Migration and homing of bone-marrow mononuclear cells in chronic ischemic stroke after intra-arterial injection

Universidade Federal do Rio de Janeiro. Hospital Universitário Clementino Fraga Filho. Departamento de Radiologia. Rio de Janeiro, RJ, Brasil.
Universidade Federal do Rio de Janeiro. Hospital Universitário Clementino Fraga Filho. Departamento de Radiologia. Rio de Janeiro, RJ, Brasil.
Universidade Federal do Rio de Janeiro. Hospital Universitário Clementino Fraga Filho. Departamento de Radiologia. Rio de Janeiro, RJ, Brasil.
Universidade Federal do Rio de Janeiro. Hospital Universitário Clementino Fraga Filho. Departamento de Radiologia. Rio de Janeiro, RJ, Brasil.
Universidade Federal do Rio de Janeiro. Instituto de Biofísica Carlos Chagas Filho. Rio de Janeiro, RJ, Brasil.
Universidade Federal do Rio de Janeiro. Instituto de Biofísica Carlos Chagas Filho. Rio de Janeiro, RJ, Brasil.
Universidade Federal do Rio de Janeiro. Hospital Universitário Clementino Fraga Filho. Departamento de Radiologia. Rio de Janeiro, RJ, Brasil.
Universidade Federal do Rio de Janeiro. Hospital Universitário Clementino Fraga Filho. Departamento de Radiologia. Rio de Janeiro, RJ, Brasil.
Universidade Federal do Rio de Janeiro. Hospital Universitário Clementino Fraga Filho. Departamento de Radiologia. Rio de Janeiro, RJ, Brasil.
Universidade Federal do Rio de Janeiro. Hospital Universitário Clementino Fraga Filho. Departamento de Radiologia. Rio de Janeiro, RJ, Brasil.
Universidade Federal do Rio de Janeiro. Hospital Universitário Clementino Fraga Filho. Departamento de Radiologia. Rio de Janeiro, RJ, Brasil.
Universidade Federal do Rio de Janeiro. Instituto de Biofísica Carlos Chagas Filho. Rio de Janeiro, RJ, Brasil.
Universidade Federal do Rio de Janeiro. Hospital Universitário Clementino Fraga Filho. Departamento de Radiologia. Rio de Janeiro, RJ, Brasil.

Abstract

Cell-based treatments have been considered a promising therapy for neurological diseases. However, currently there are no clinically available methods to monitor whether the transplanted cells reach and remain in the brain. In this study we investigated the feasibility of detecting the distribution and homing of autologous bone-marrow mononuclear cells (BMMCs) labeled with Technetium-99 m (99mTc) in a cell-based therapy clinical study for chronic ischemic stroke.
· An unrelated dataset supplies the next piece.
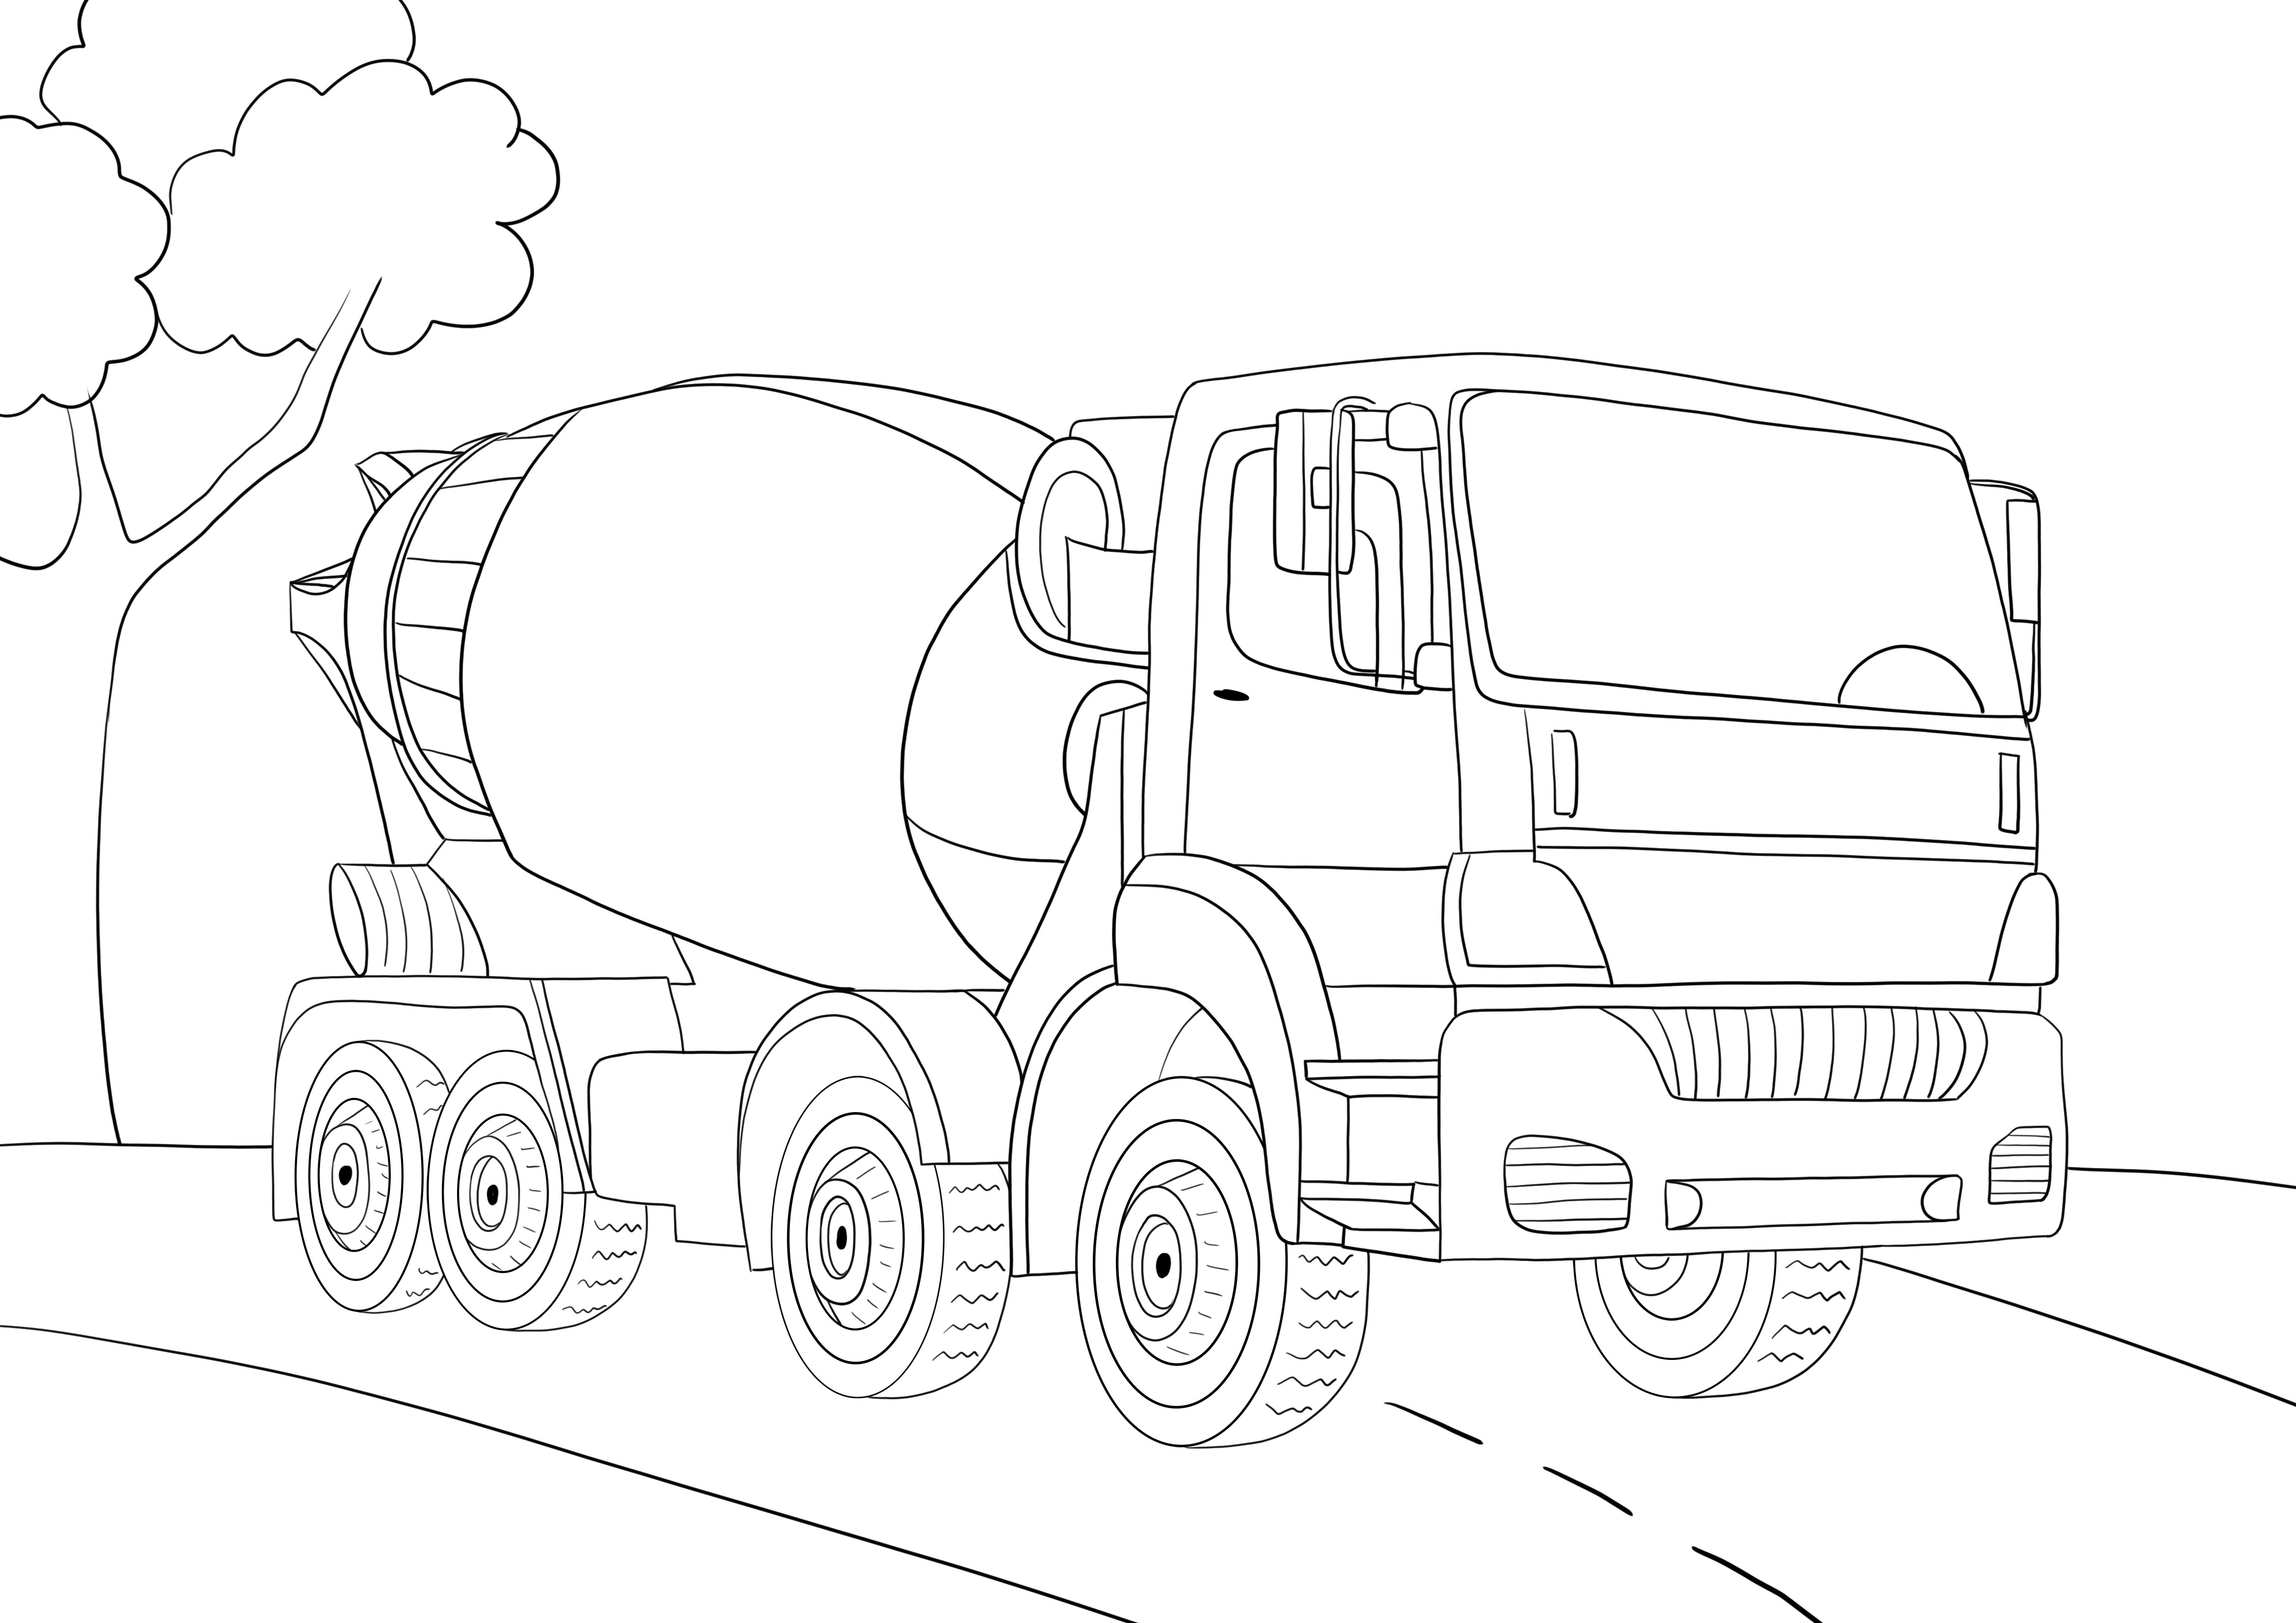 Lembar cetak gratis truk semen untuk diwarnai anak-anak

Six male patients (ages 24–65 years) with ischemic cerebral infarcts within the middle cerebral artery (MCA) between 59 and 82 days were included. Cell dose ranged from 1.25×108 to 5×108. Approximately 2×107 cells were labeled with 99mTc and intra-arterially delivered together with the unlabeled cells via a catheter navigated to the MCA. None of the patients showed any complications on the 120-day follow-up. Whole body scintigraphies indicated cell homing in the brain of all patients at 2 h, while the remaining uptake was mainly distributed to liver, lungs, spleen, kidneys and bladder. Moreover, quantification of uptake in Single-Photon Emission Computed Tomography (SPECT) at 2 h showed preferential accumulation of radioactivity in the hemisphere affected by the ischemic infarct in all patients. However, at 24 h homing could only distinguished in the brains of 2 patients, while in all patients uptake was still seen in the other organs. Taken together, these results indicate that labeling of BMMCs with 99mTc is a safe and feasible technique that allows monitoring the migration and engraftment of intra-arterially transplanted cells for at least 24 h.

Keywords

Stroke
Cell therapy
99mTC
Scintigraphy

Publisher

Elsevier

Citation

FONSECA, Lea Mirian Barbosa et al. Migration and homing of bone-marrow mononuclear cells in chronic ischemic stroke after intra-arterial injection. Experimental Neurology, v. 221, p. 122-128, 2010.

DOI

10.1016/j.expneurol.2009.10.010

ISSN

0014-4886

Notes

Sérgio Salles Xavier. Fundação Oswaldo Cruz. Instituto Nacional de Infectologia Evandro Chagas. Documento produzido em parceria ou por autor vinculado à Fiocruz, mas não consta a informação no documento.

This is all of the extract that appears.